REQUIRED ACTION
What you return must match the data below exactly, minus any pictures.

DATA SHOWN
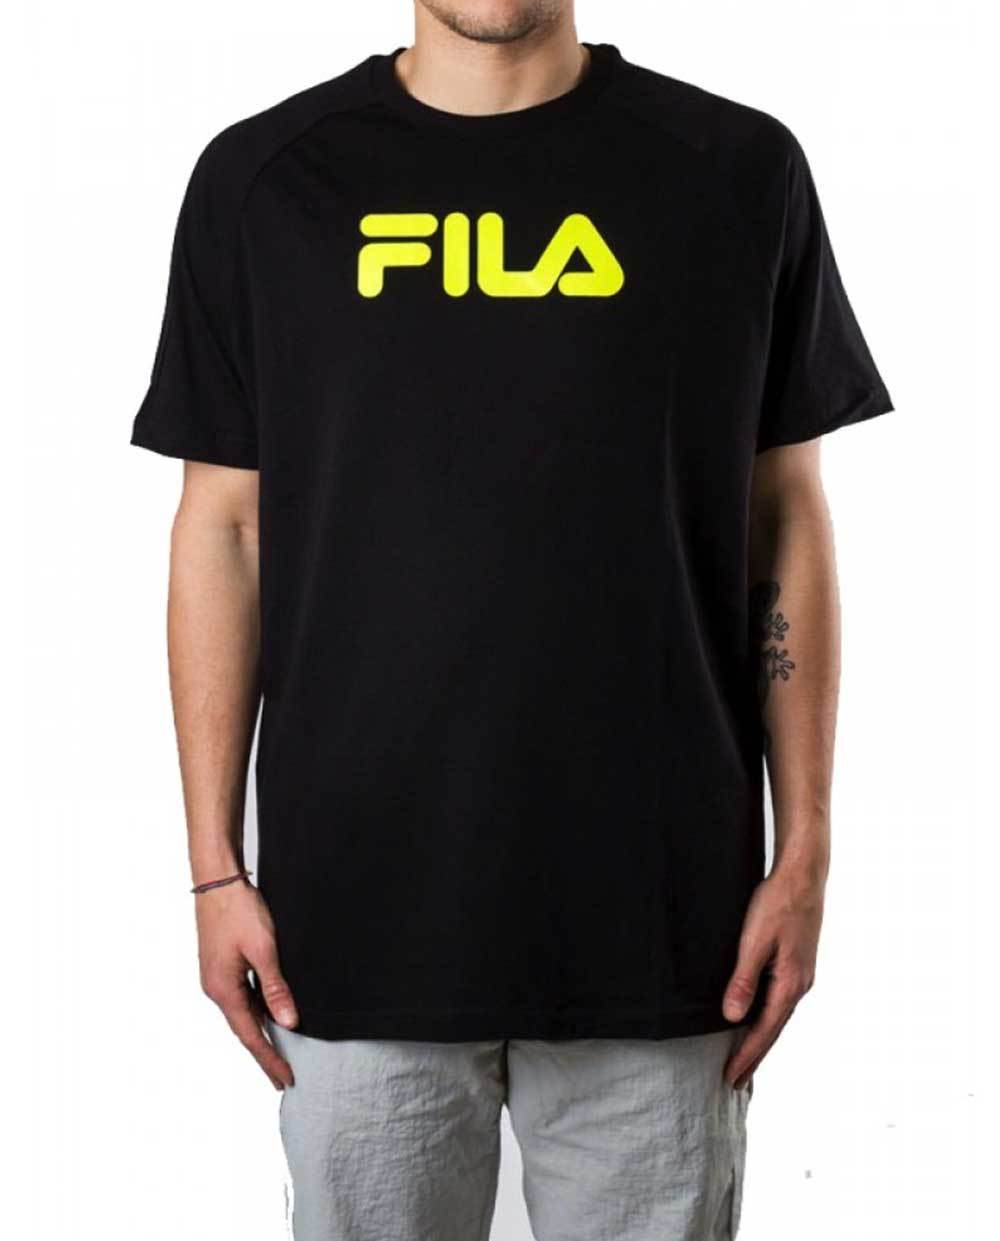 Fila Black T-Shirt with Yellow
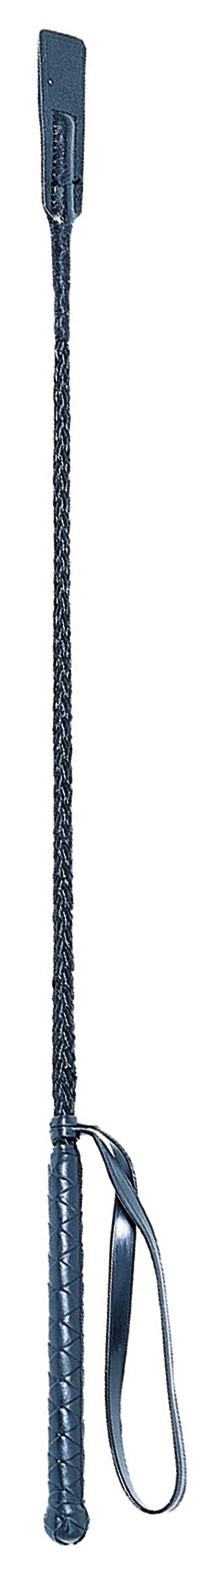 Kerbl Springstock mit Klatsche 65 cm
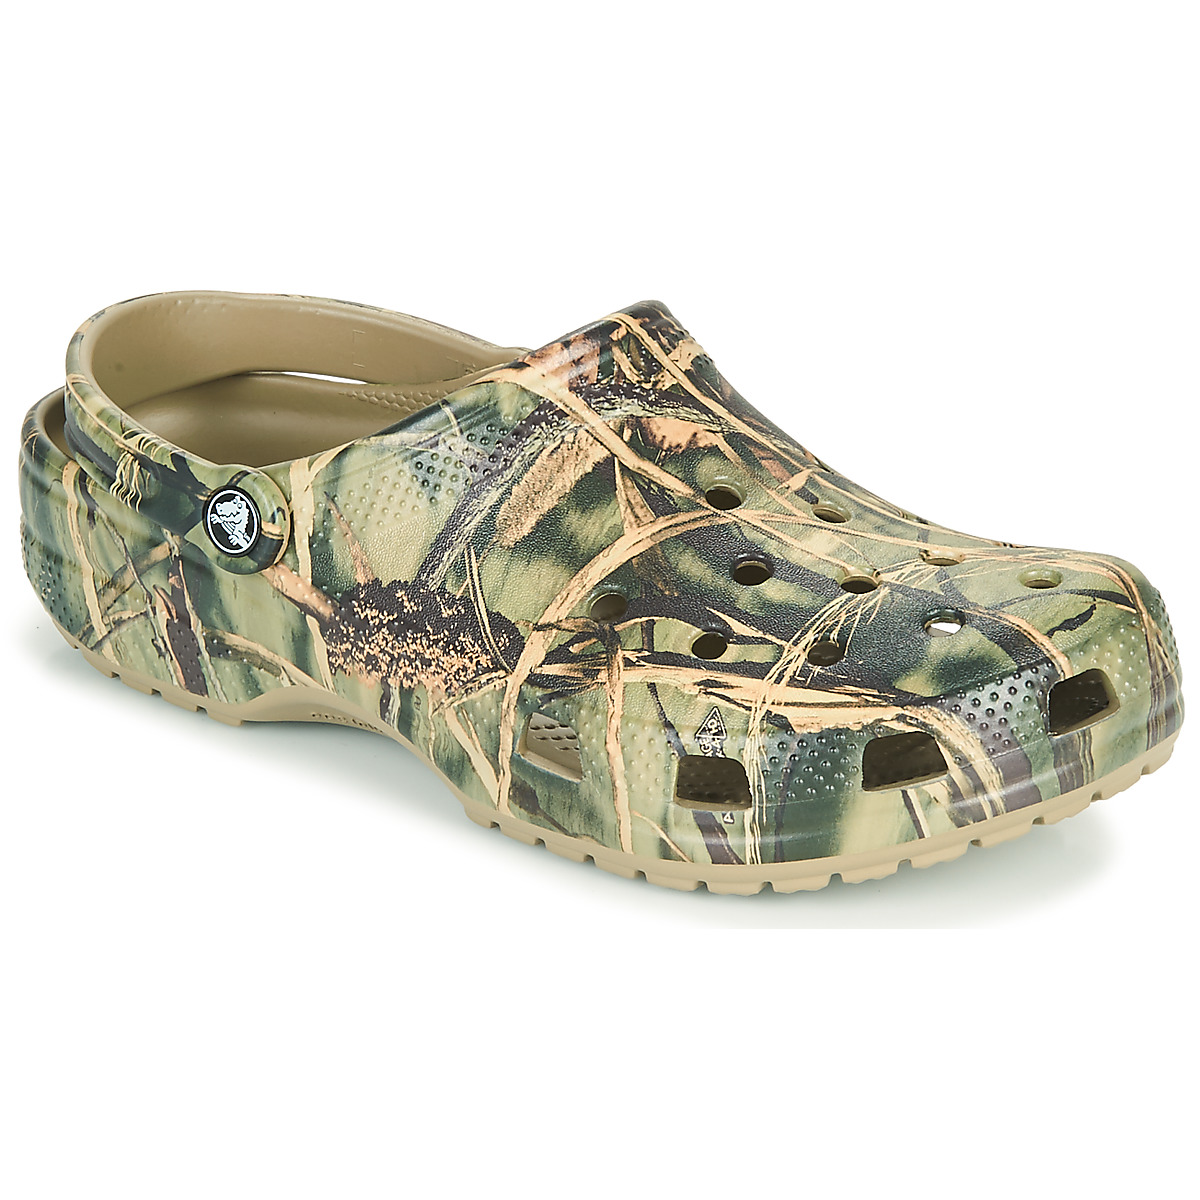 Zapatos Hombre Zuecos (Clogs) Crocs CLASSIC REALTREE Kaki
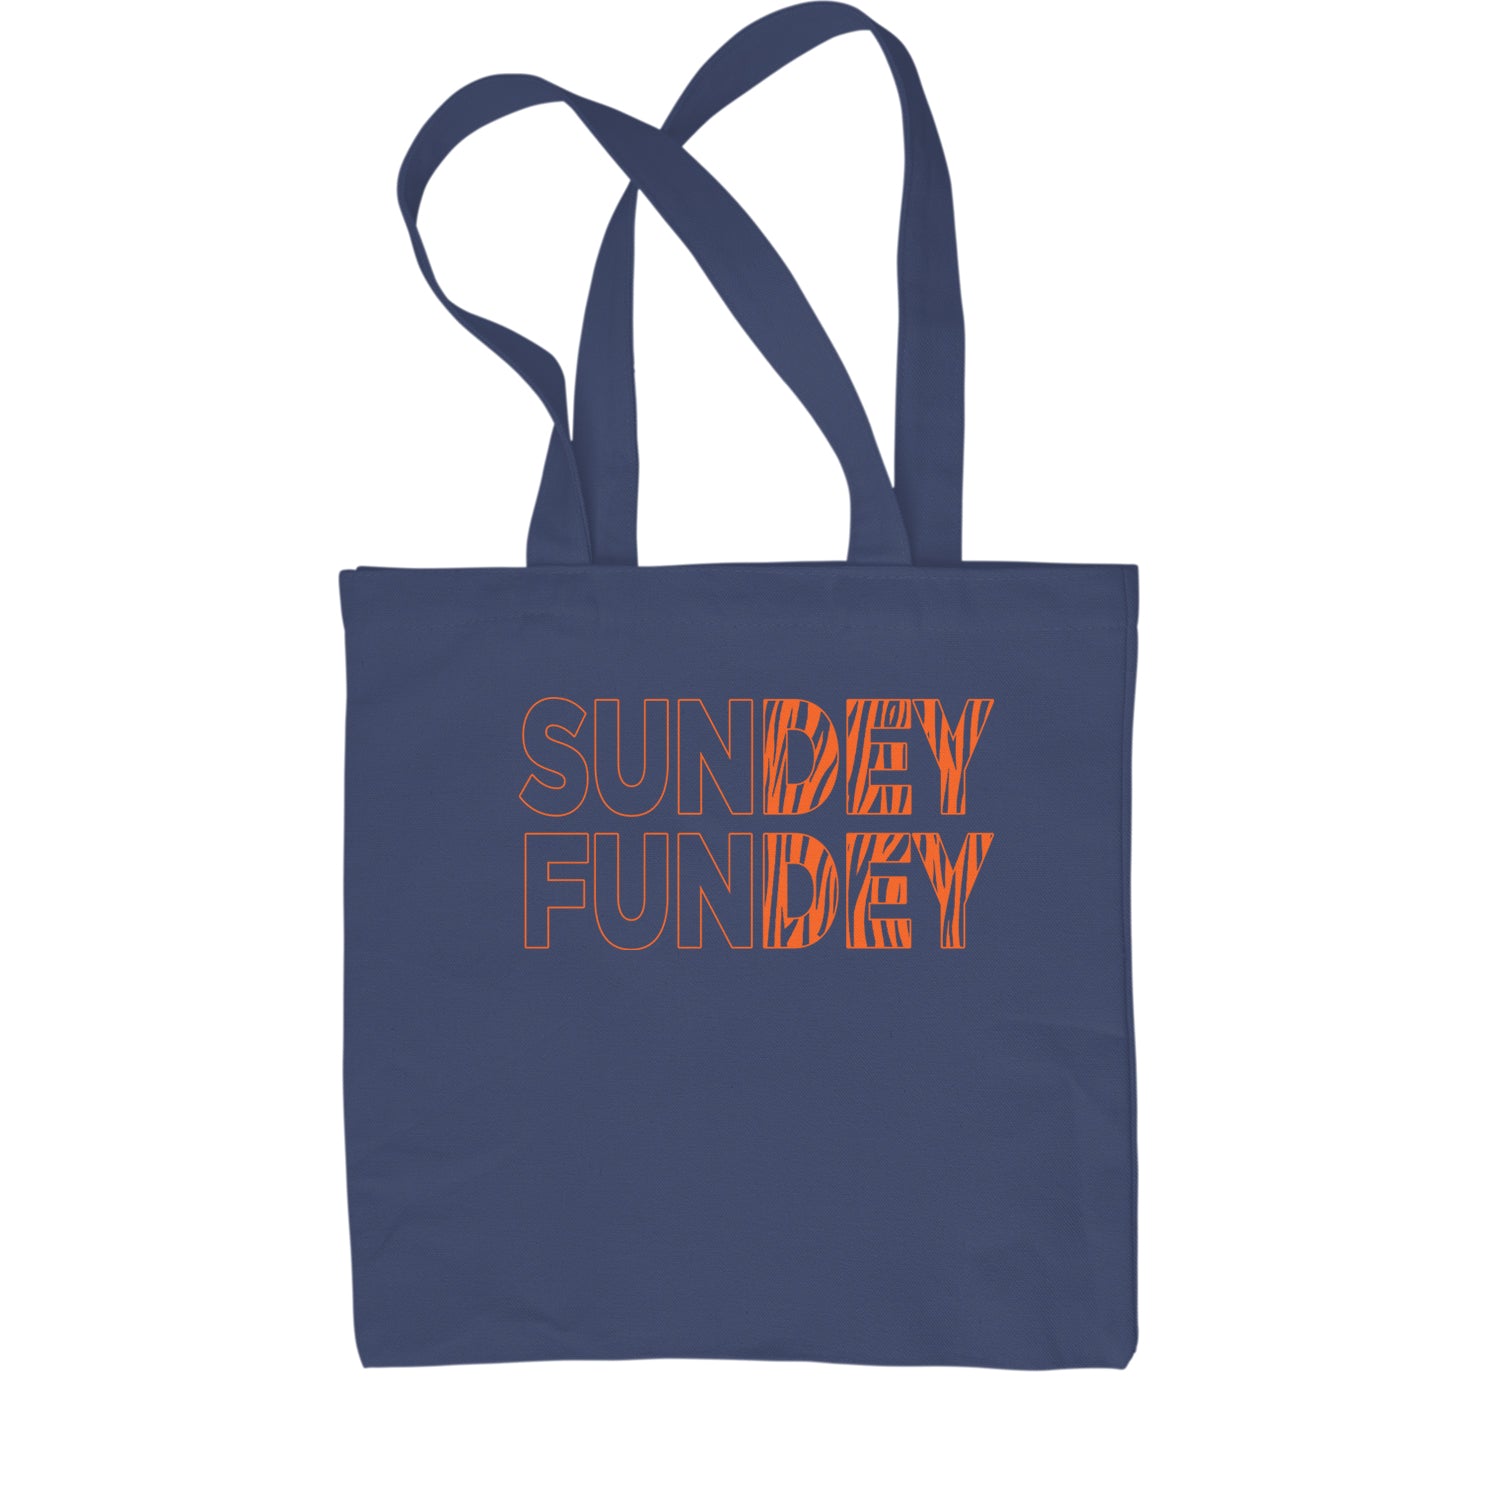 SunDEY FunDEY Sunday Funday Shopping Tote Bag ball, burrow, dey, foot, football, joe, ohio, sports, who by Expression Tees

REPLY
 Fila Black T-Shirt with Yellow
 Kerbl Springstock mit Klatsche 65 cm
 Zapatos Hombre Zuecos (Clogs) Crocs CLASSIC REALTREE Kaki
 SunDEY FunDEY Sunday Funday Shopping Tote Bag ball, burrow, dey, foot, football, joe, ohio, sports, who by Expression Tees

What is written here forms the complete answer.